BDD E2E Testing

Hard Rules

These are non-negotiable. Violating any of these means the work is wrong.

ALL tests go in .bdd/ at project root. Never tests/, e2e/, __tests__/, or any other location. The .bdd/ directory is the single source of truth for all BDD test artifacts.
ZERO mocks. ZERO stubs. ZERO fakes. Every scenario runs against the REAL system with REAL dependencies. For web apps: real browser, real backend, real DB — never page.route(), MSW, or nock. For libraries: real infrastructure in Docker (real RabbitMQ, real Redis, real DB) — never mock the transport or protocol layer. The only exception: third-party services you cannot control (payment gateways, SMS providers).
Code is guilty until proven innocent. When a test fails, the APPLICATION code is wrong — not the test. Fix the application, document the fix in qa/resolutions/, then re-verify. Never weaken a test to make it pass.
Document everything. Every test run produces findings. Every fix produces a resolution. The .bdd/qa/ directory is the audit trail.

Mandatory Directory Structure

.bdd/
  features/              # Gherkin specs (what SHOULD work)
    auth/
      login.feature
  steps/                 # Step definitions (by domain, NOT by feature)
    auth.steps.ts
  interactions/          # Interaction layer (adapts by archetype)
  support/               # Fixtures, hooks, config
    fixtures.ts
    hooks.ts
  qa/
    findings/            # What happened when tests ran
    resolutions/         # What was changed to fix failures

The interactions/ directory adapts to what you're testing:

Archetype	`interactions/` contains	Examples
Web app	Page Objects	`login.page.ts`, `checkout.page.ts`
Library/package	Test helpers + fixtures	`pika_app.py`, `docker_fixtures.py`
REST API	API clients	`orders.client.ts`, `auth.client.ts`
CLI tool	Command runners	`cli.runner.ts`, `output.parser.ts`
Message queue	Broker helpers	`rabbit.helper.py`, `test_consumers.py`

Create this structure FIRST before writing any test code.

Core Philosophy

BDD is collaboration first, automation second — Feature files are shared artifacts born from Discovery workshops, not test scripts written by developers alone.
Real E2E means zero mocks — Every scenario runs against the actual system with real dependencies.

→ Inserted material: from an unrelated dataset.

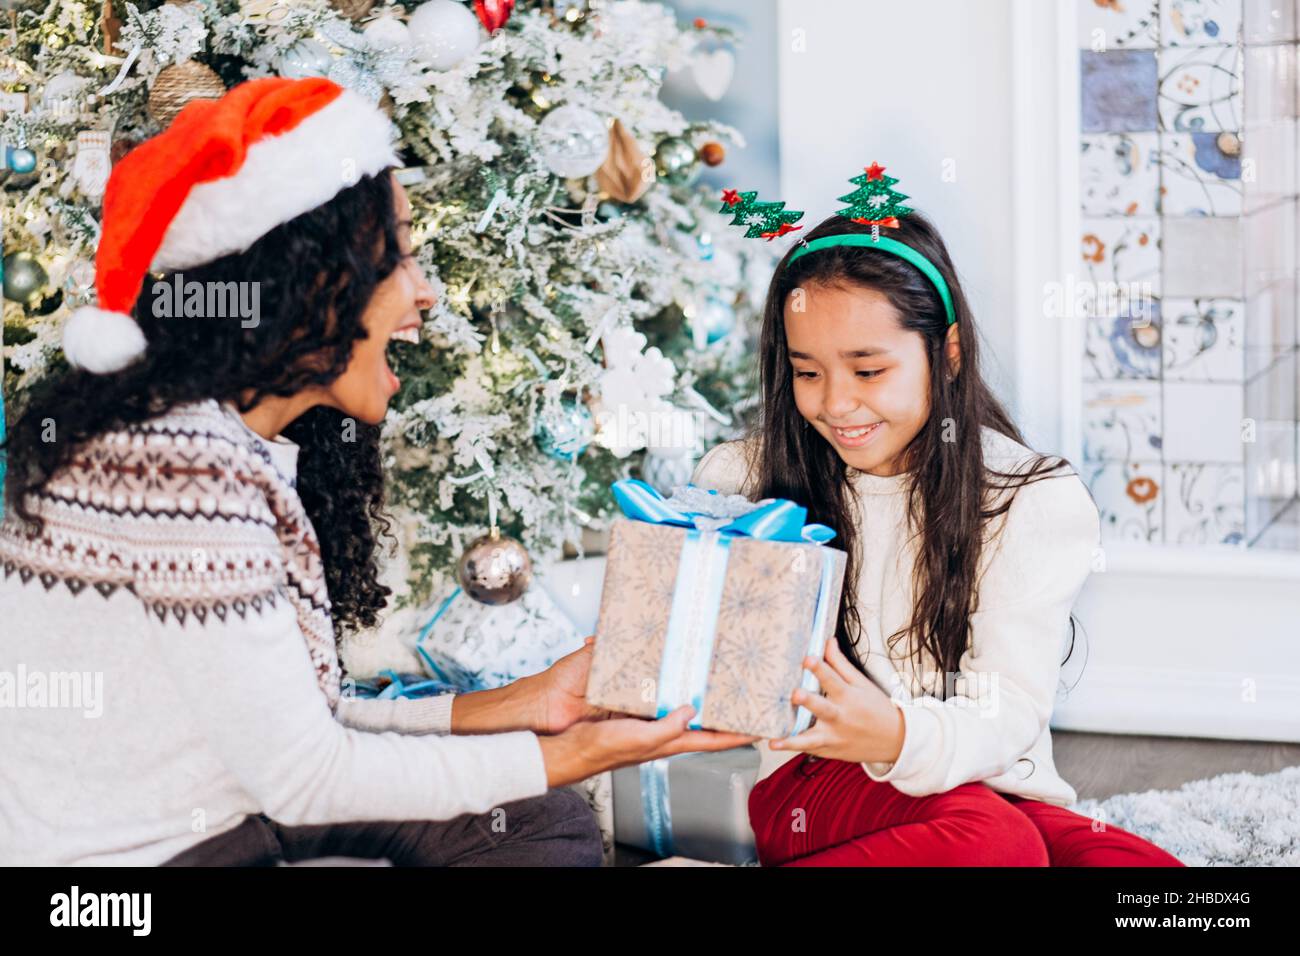 Rizado de pelo largo africano americano madre y la hija morena sentarse en la alfombra y abrir regalos festivos sonriendo feliz cerca del árbol de Navidad Foto de stock

The "end user" varies by archetype: a person in a browser, a developer consuming a library API, an operator running CLI commands. If any dependency is faked, it is not E2E.
Declarative over imperative — Scenarios describe WHAT the system does, not HOW the user clicks. "Given Emma has items in her cart" beats "Given the user clicks the add button 3 times".

Testing Archetypes

The "end user" is whoever consumes your software. BDD describes behavior from THEIR perspective against REAL infrastructure.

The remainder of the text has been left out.